Comedy can be an excellent weapon against racism and clearly writer Johnny Speight and the BBC believed they had the right vehicle for tackling the thorny subject with Till Death Us Do Part (BBC, 1966-74), which aimed to take narrow-minded, racist views and hold them up to ridicule.
The programme started life as a single play in the Comedy Playhouse slot (tx. 22/7/65) but was considered strong enough to be developed into a full series. The original double-hander featured Warren Mitchell and Gretchen Franklin as the bigoted Alf Ramsey and his put-upon wife Elsie. For the series, Mitchell returned as Alf, (with a new surname, Garnett), while Dandy Nichols took the role of Elsie. The new additions were Alf's 'voice of reason' daughter Rita (Una Stubbs) and her lazy, work-shy husband Mike (Tony Booth).

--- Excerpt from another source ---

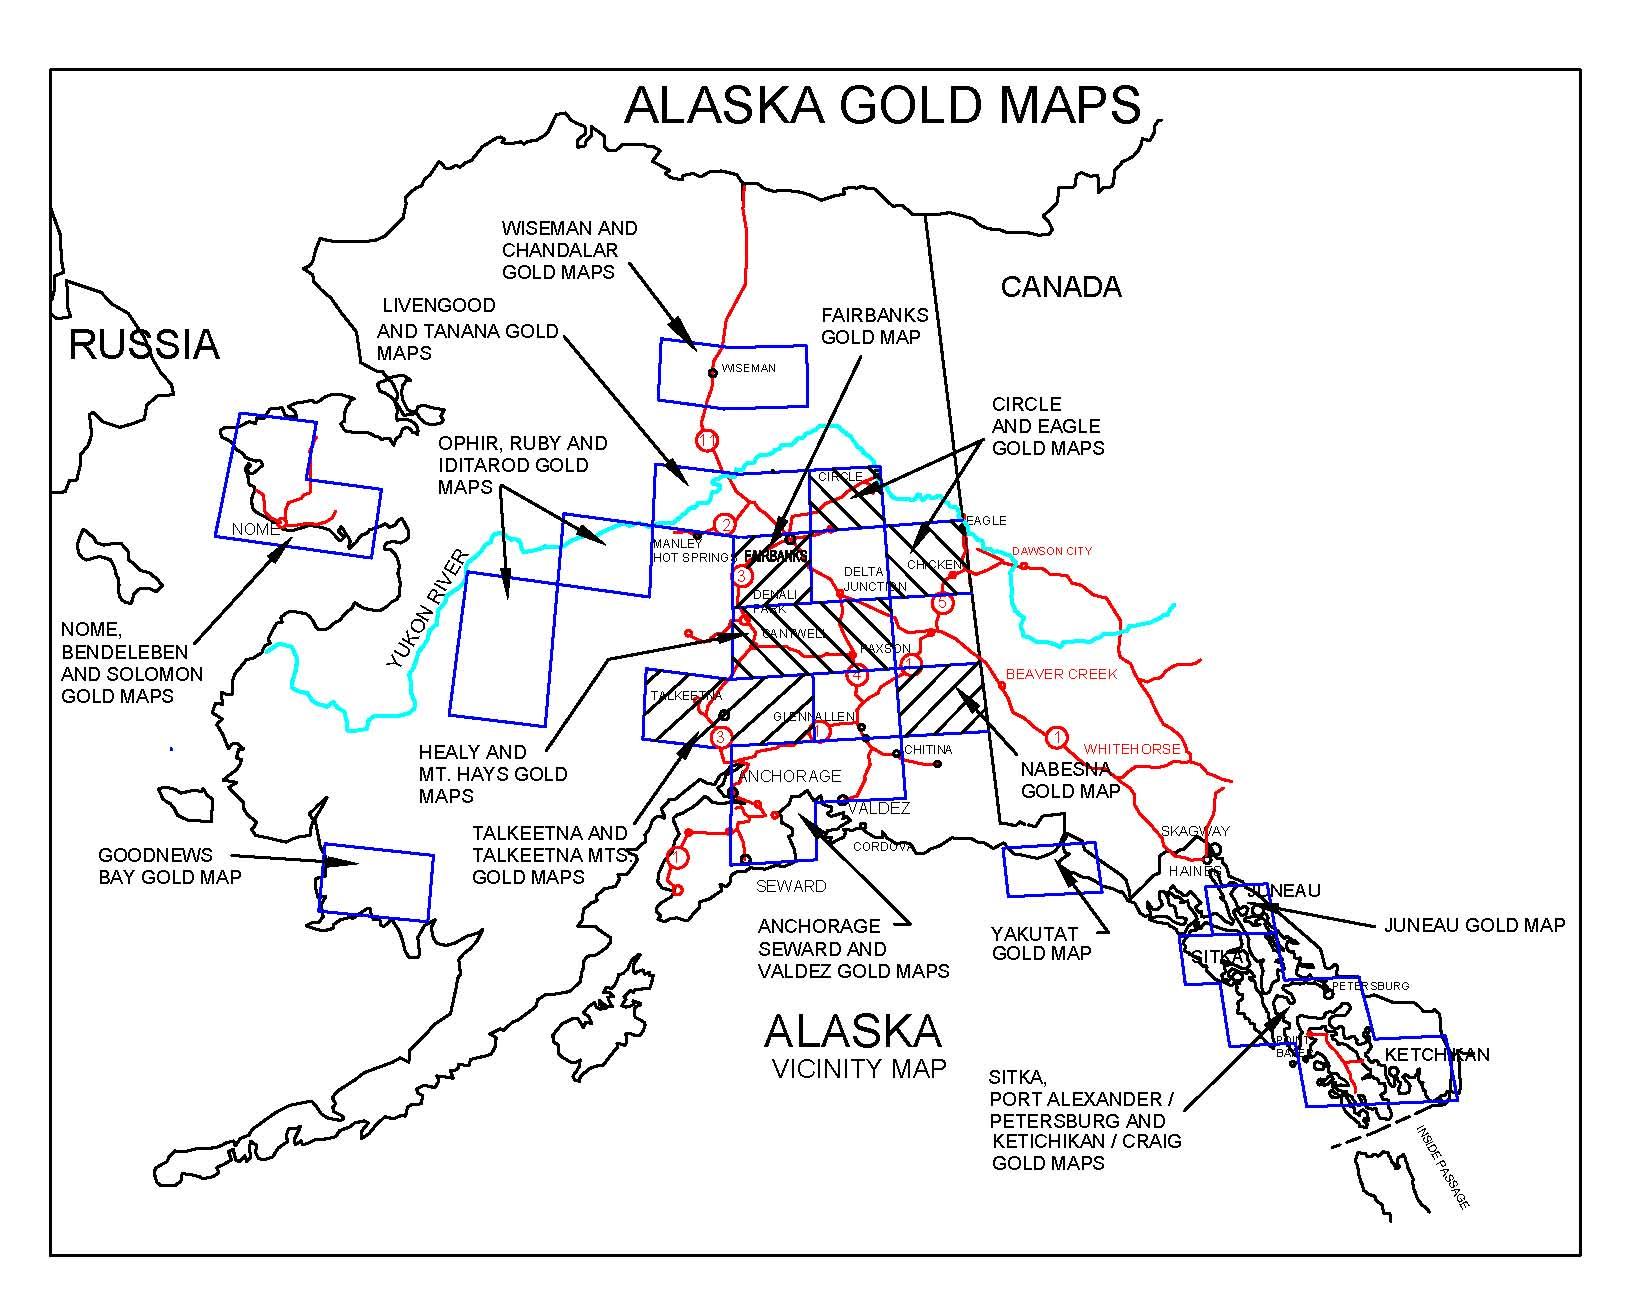 ALASKA GOLD MAPS, ALASKA GOLD PANNING, ALASKA GOLD PROSPECTING

It soon became clear that a part of the audience was laughing along to Alf's rants about blacks, immigration and the welfare state. Rather than being a figure of fun, he was increasingly being seen as a voice of reason. Both Speight and Mitchell defended the show against allegations of racism, claiming that their intention was to belittle Alf's views. Unfortunately, the satire was lost on the part of the audience that the show aimed to challenge.
Sadly, Speight's defence was far from watertight - having a white actor, Spike Milligan, black up and don a turban in one episode is clearly questionable, doubly so as Speight obviously thought the idea so good he developed a series around Kevin O'Grady, aka 'Paki Paddy', the half-Irish, half-Indian factory worker. Curry and Chips (ITV, 1969) lasted just six episodes before dying under a torrent of complaints about its content, but it reinforced the notion that Speight had little understanding of how best to confront racism. In Till Death Us Do Part, Alf's lengthy rants go largely unchallenged; his wife does little more than raise an eyebrow, while the responses from daughter Rita and the wholly unsympathetic Mike are often little more than impotent quips or frustrated laughter.
The series temporarily transferred to ITV in 1981, retitled simply Till Death..., before sadly returning to the BBC in 1985 as In Sickness and In Health. There were two feature film spinoffs - Till Death Us Do Part (1969) and The Alf Garnett Saga (1972). The programme was remade for US TV as All In The Family.